--- Activity ---
Pictures must not appear; the answer is exactly the lines from the one that holds "university of louisville" through the end of the material.

*** Provided data ***

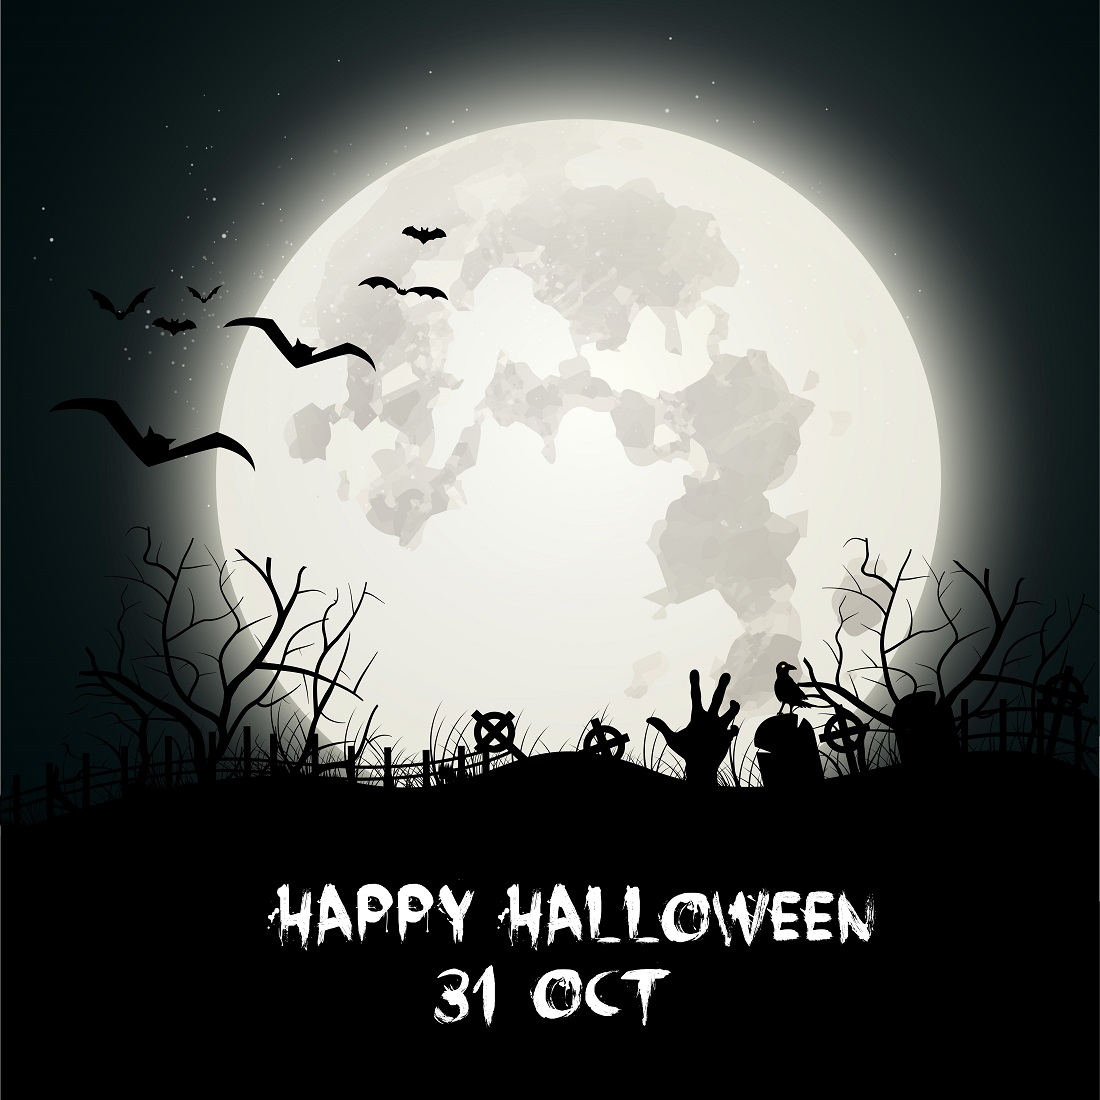 Dark Halloween background preview image.
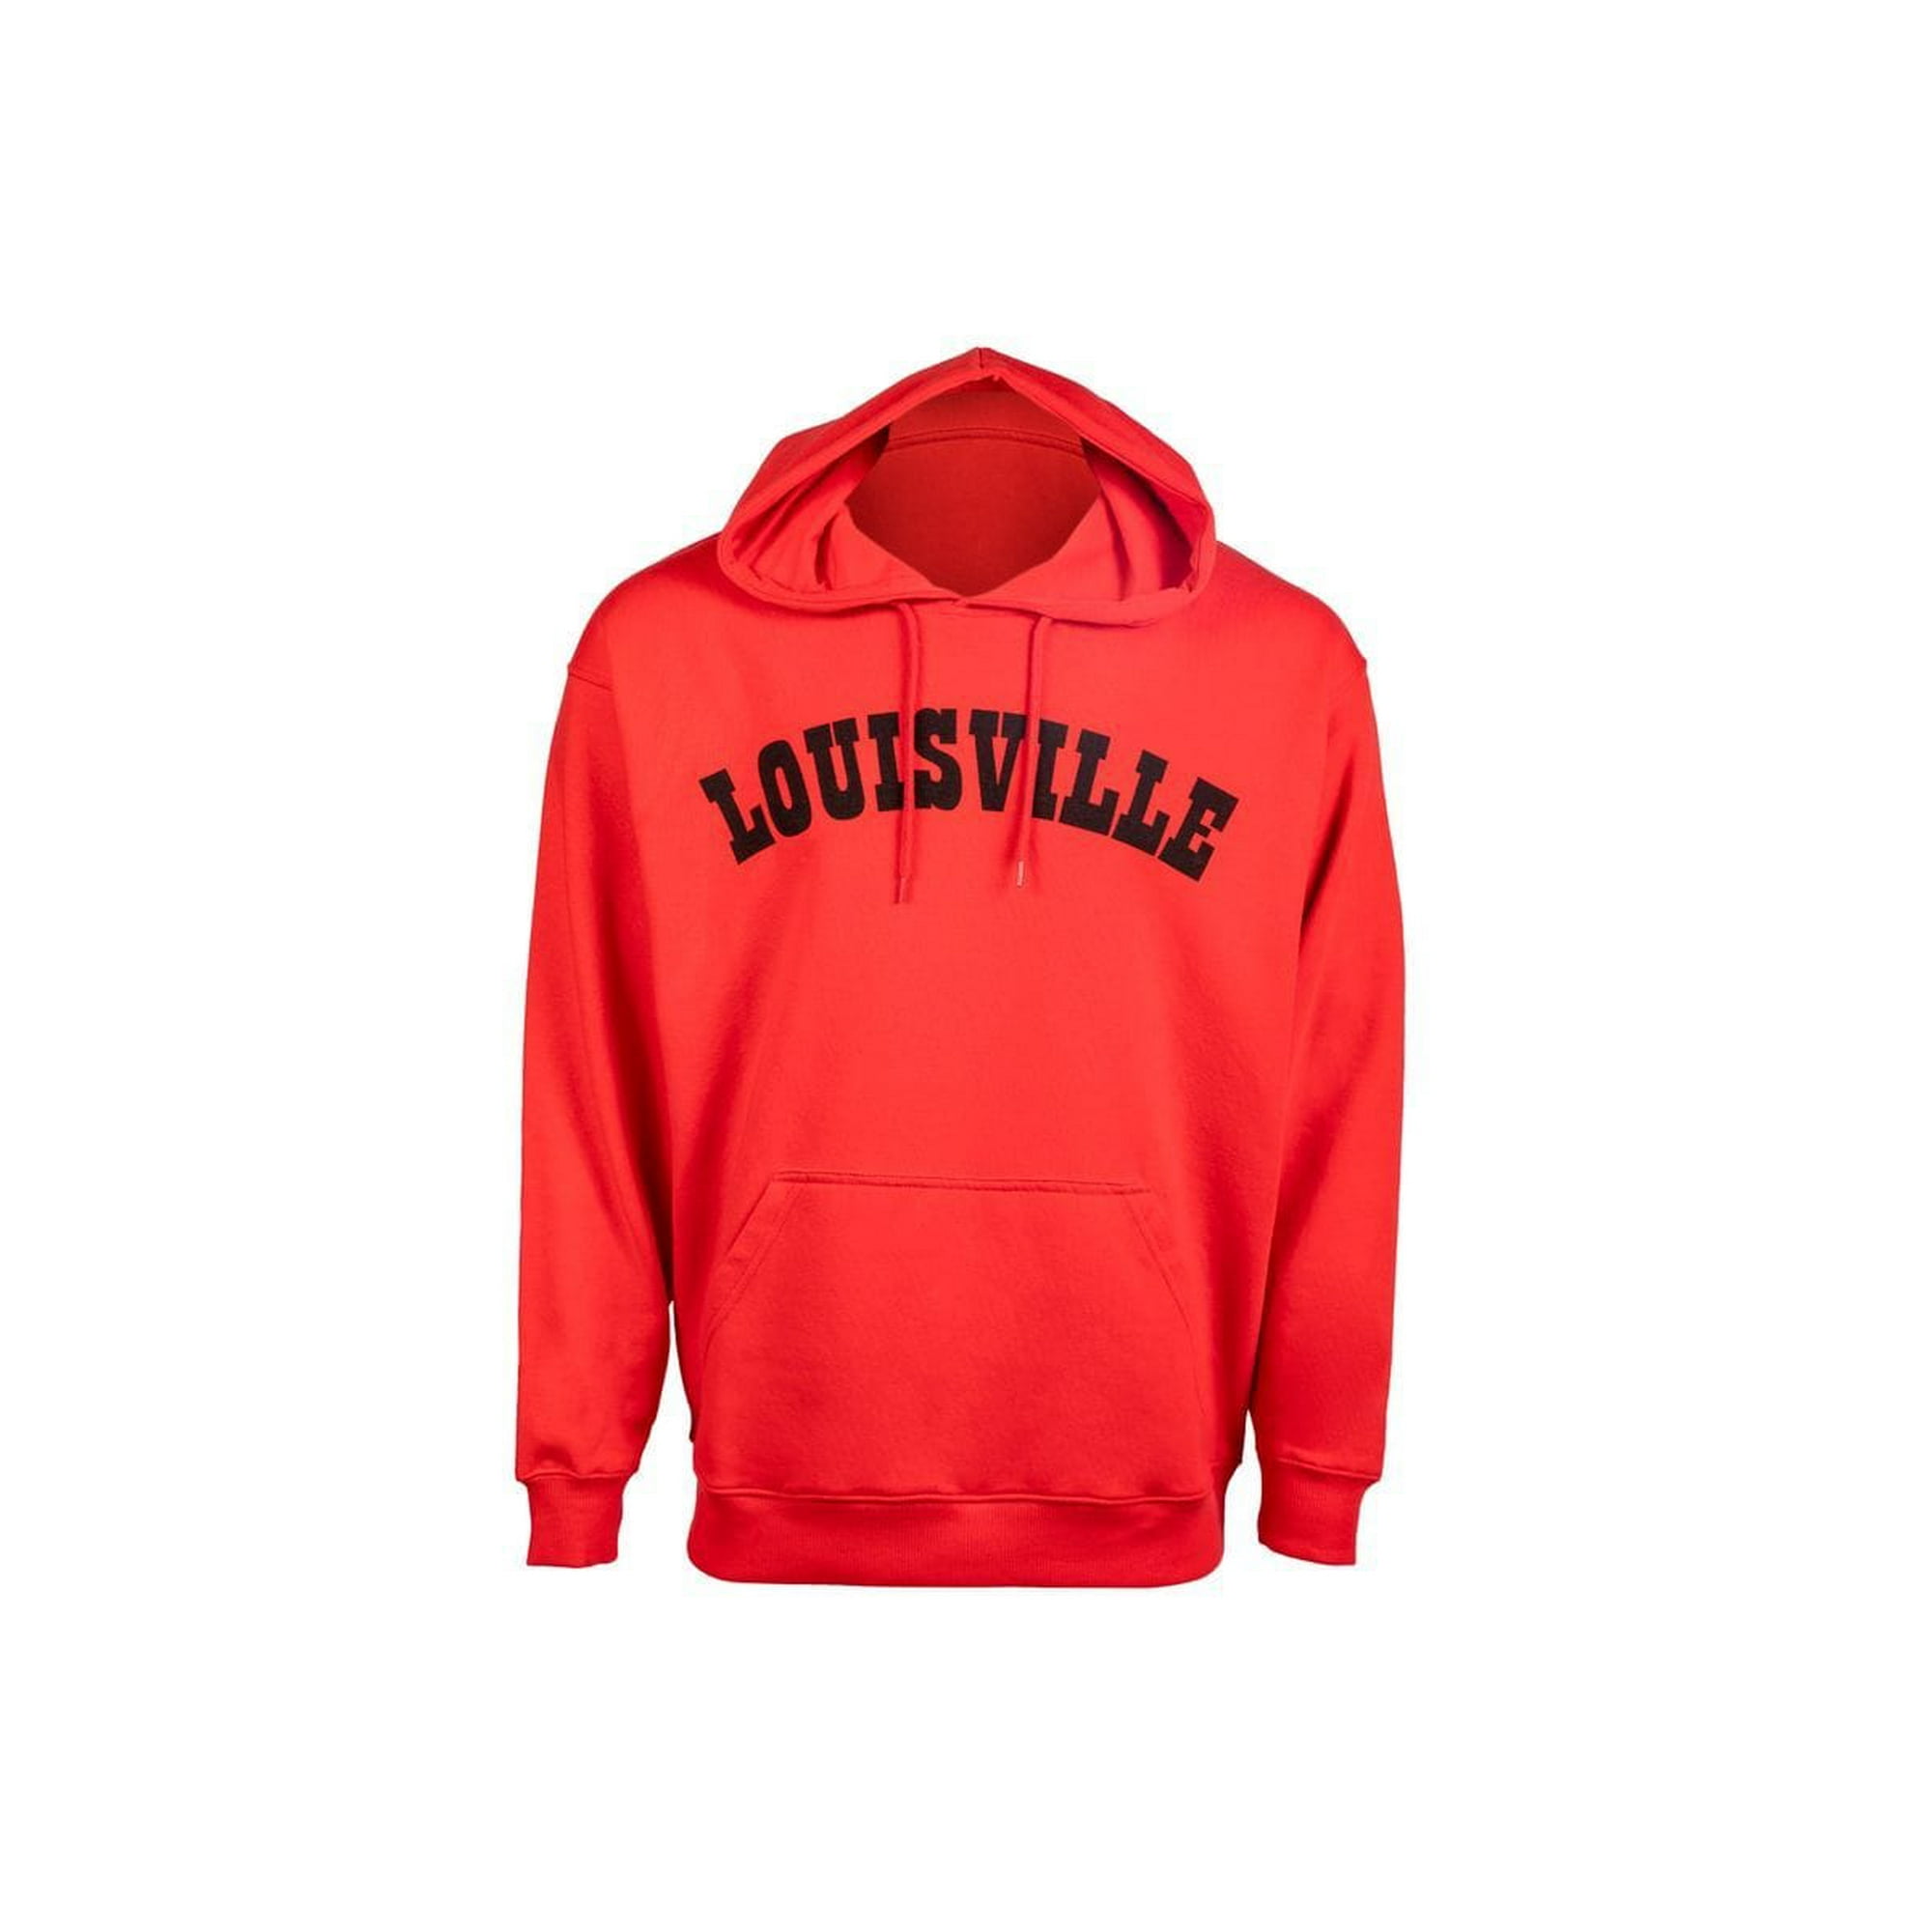 university of louisville hoodie sweatshirt plus size
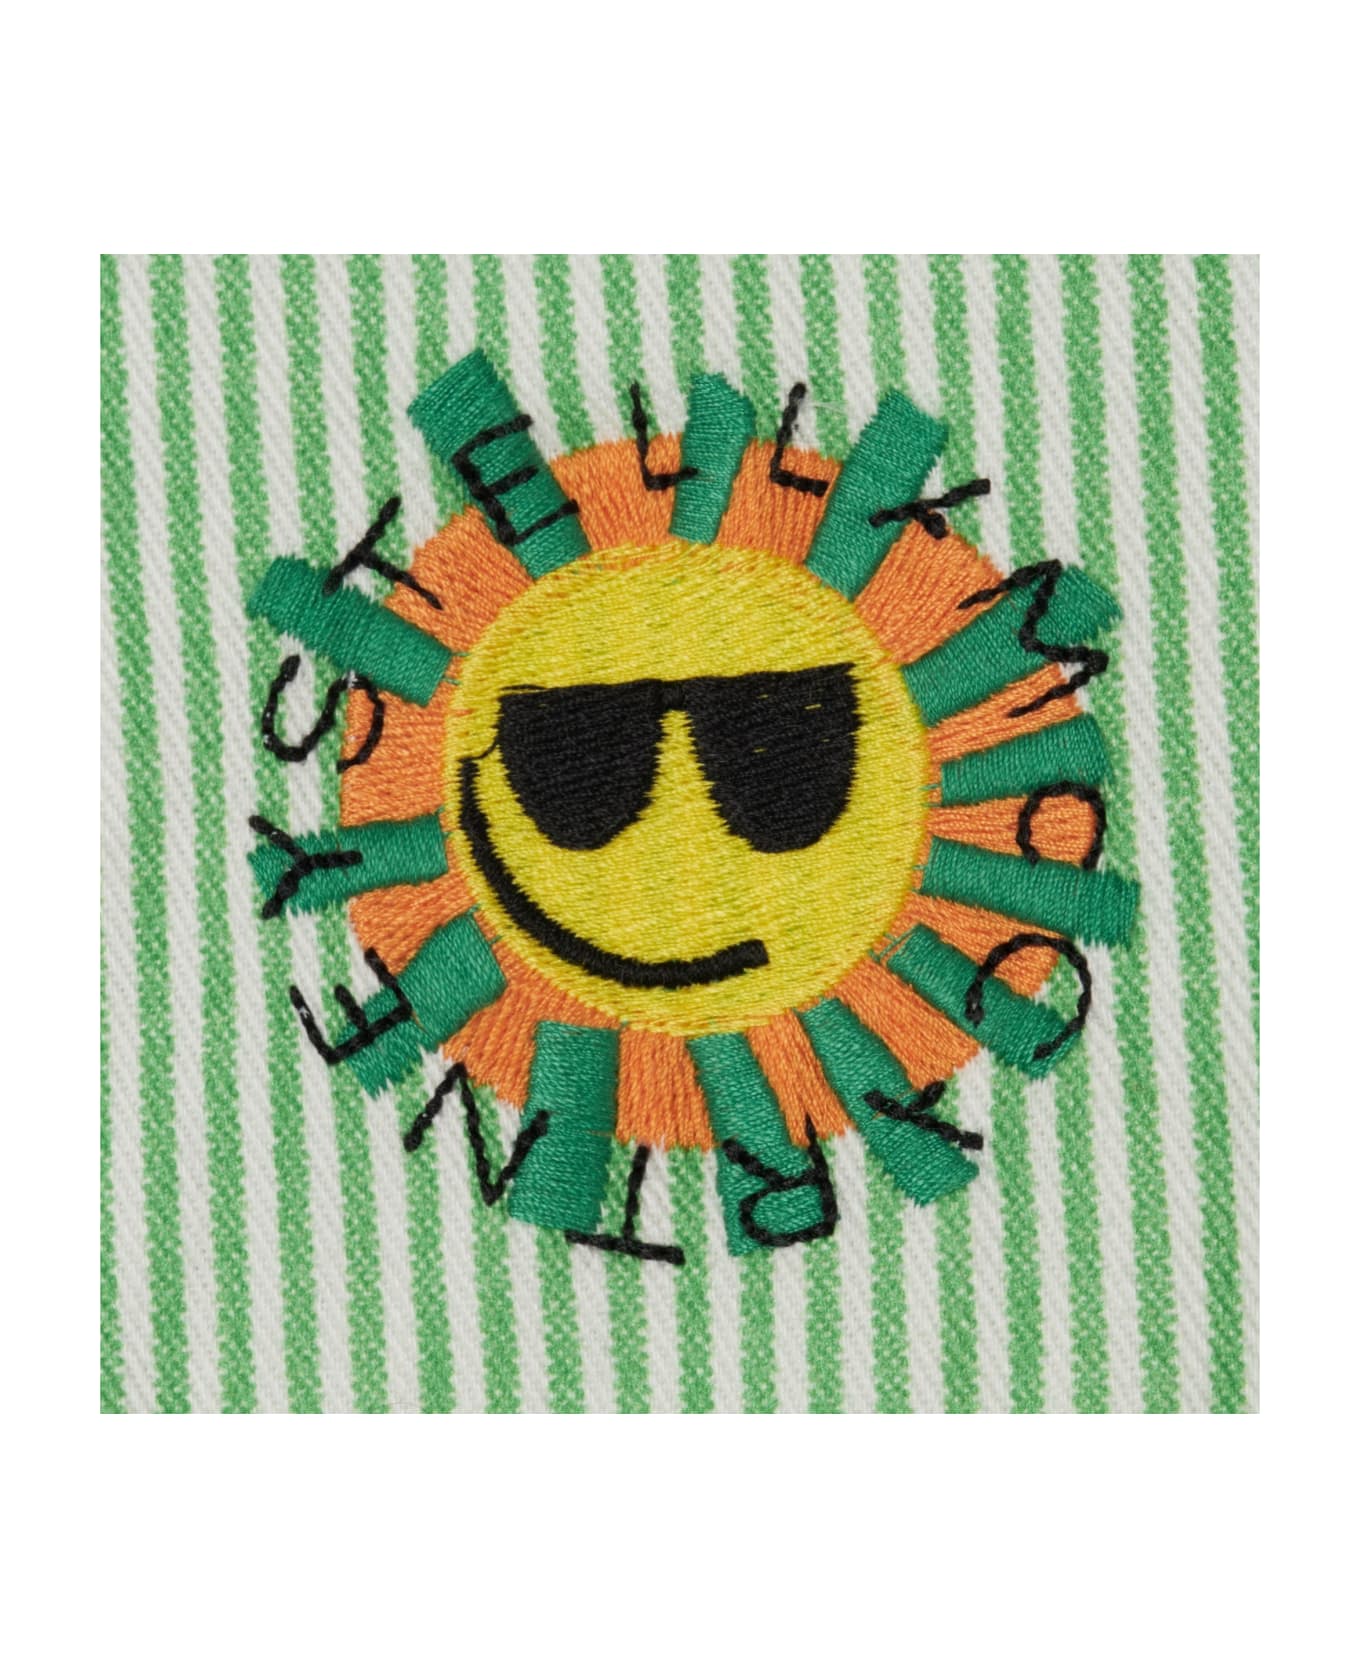 Stella McCartney Kids Sunshine Striped Shorts - White ボトムス
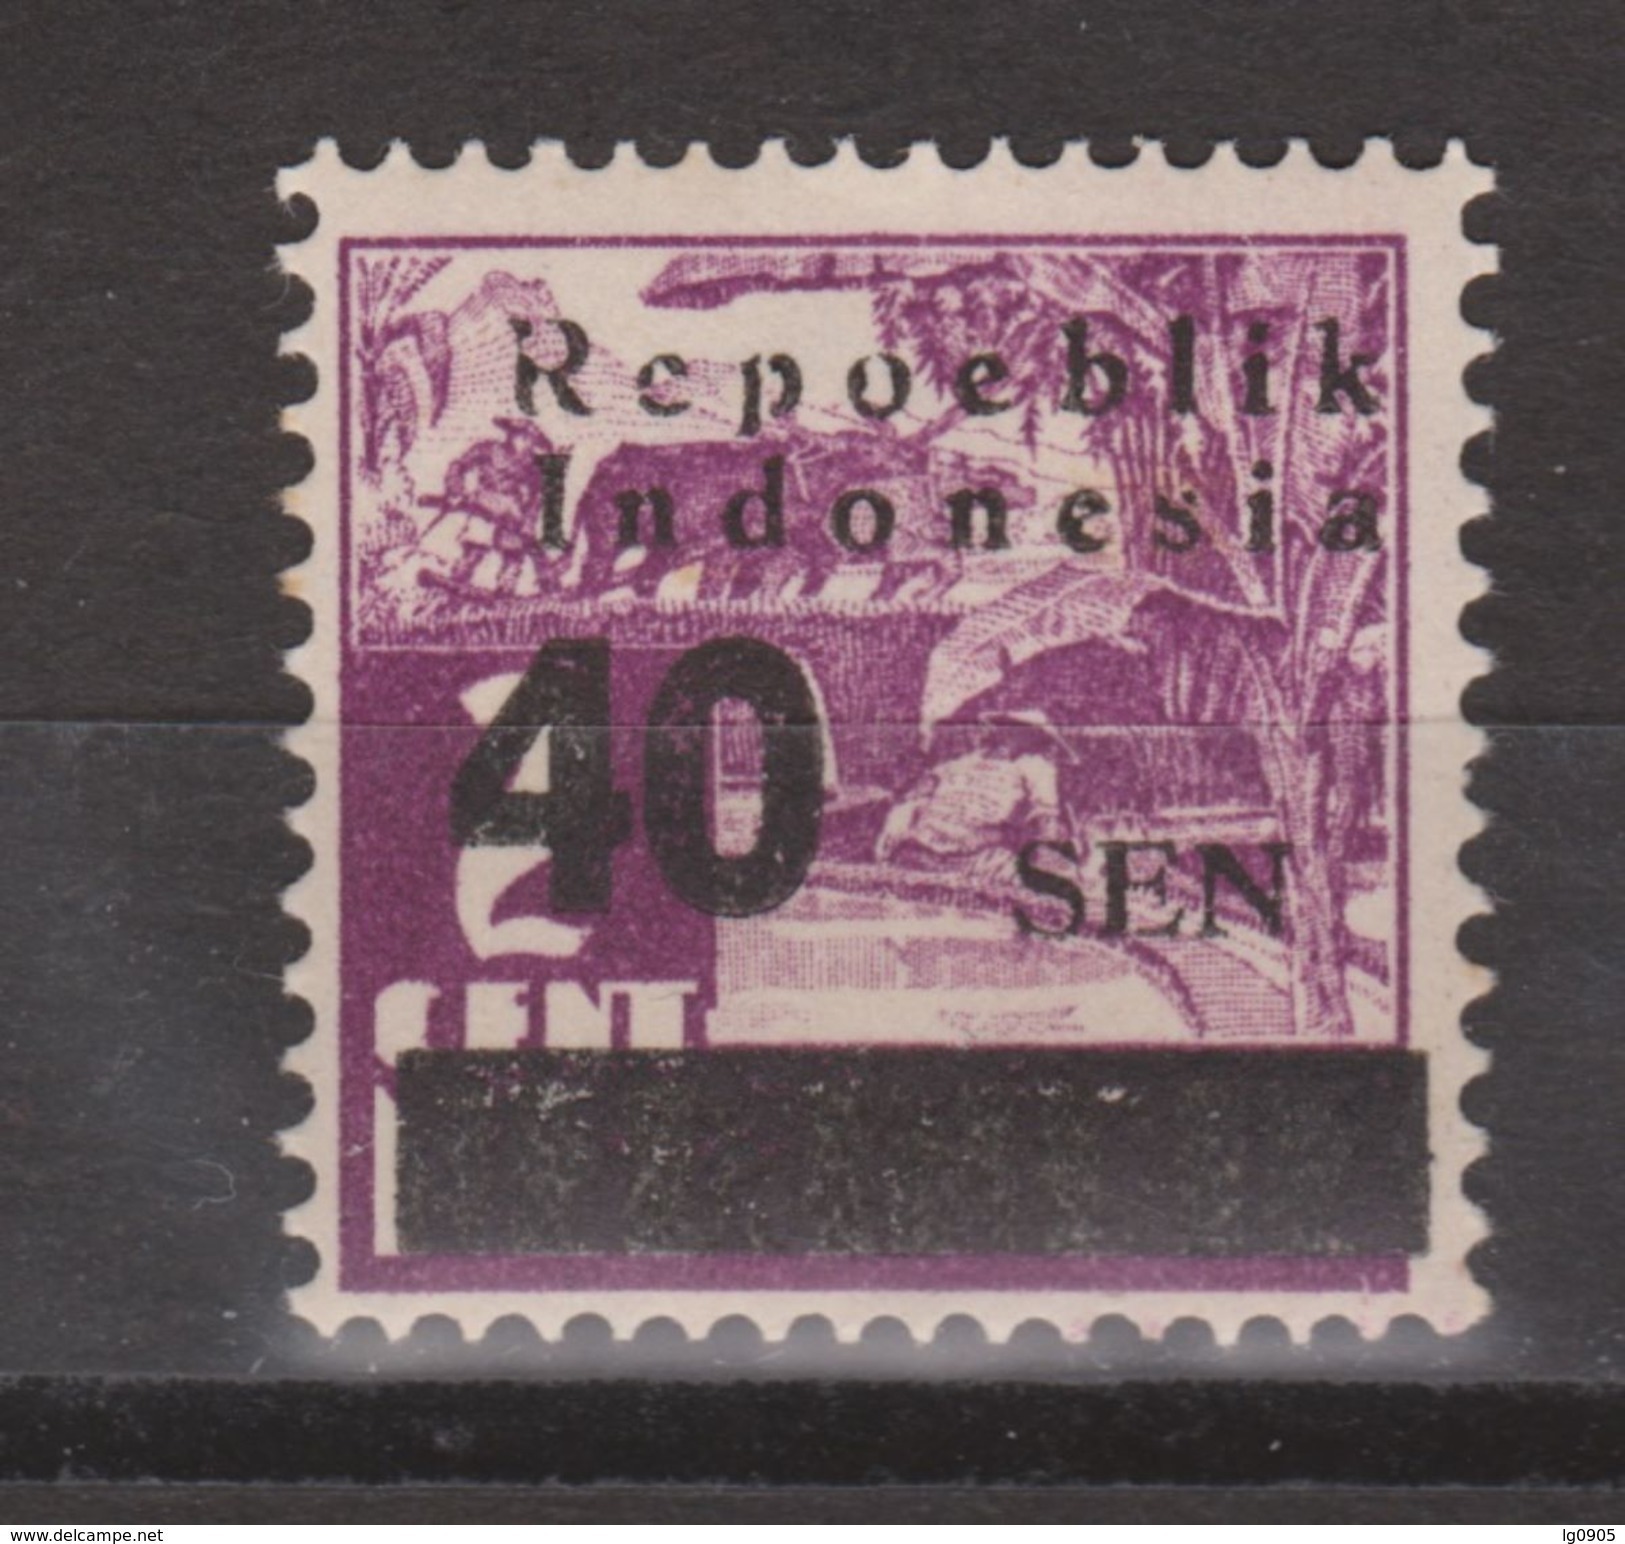 Indonesia Nederlands Indie Dutch Indies Sumatra Nr 1 MNH ; Netherlands Indies Japanese Occupation MEER JAPANSE BEZETTING - Indonesië

*** End of Provided data ***

--- Output of the exercise ---
 university of louisville hoodie sweatshirt plus size
 Stella McCartney Kids Sunshine Striped Shorts - White ボトムス
 Indonesia Nederlands Indie Dutch Indies Sumatra Nr 1 MNH ; Netherlands Indies Japanese Occupation MEER JAPANSE BEZETTING - Indonesië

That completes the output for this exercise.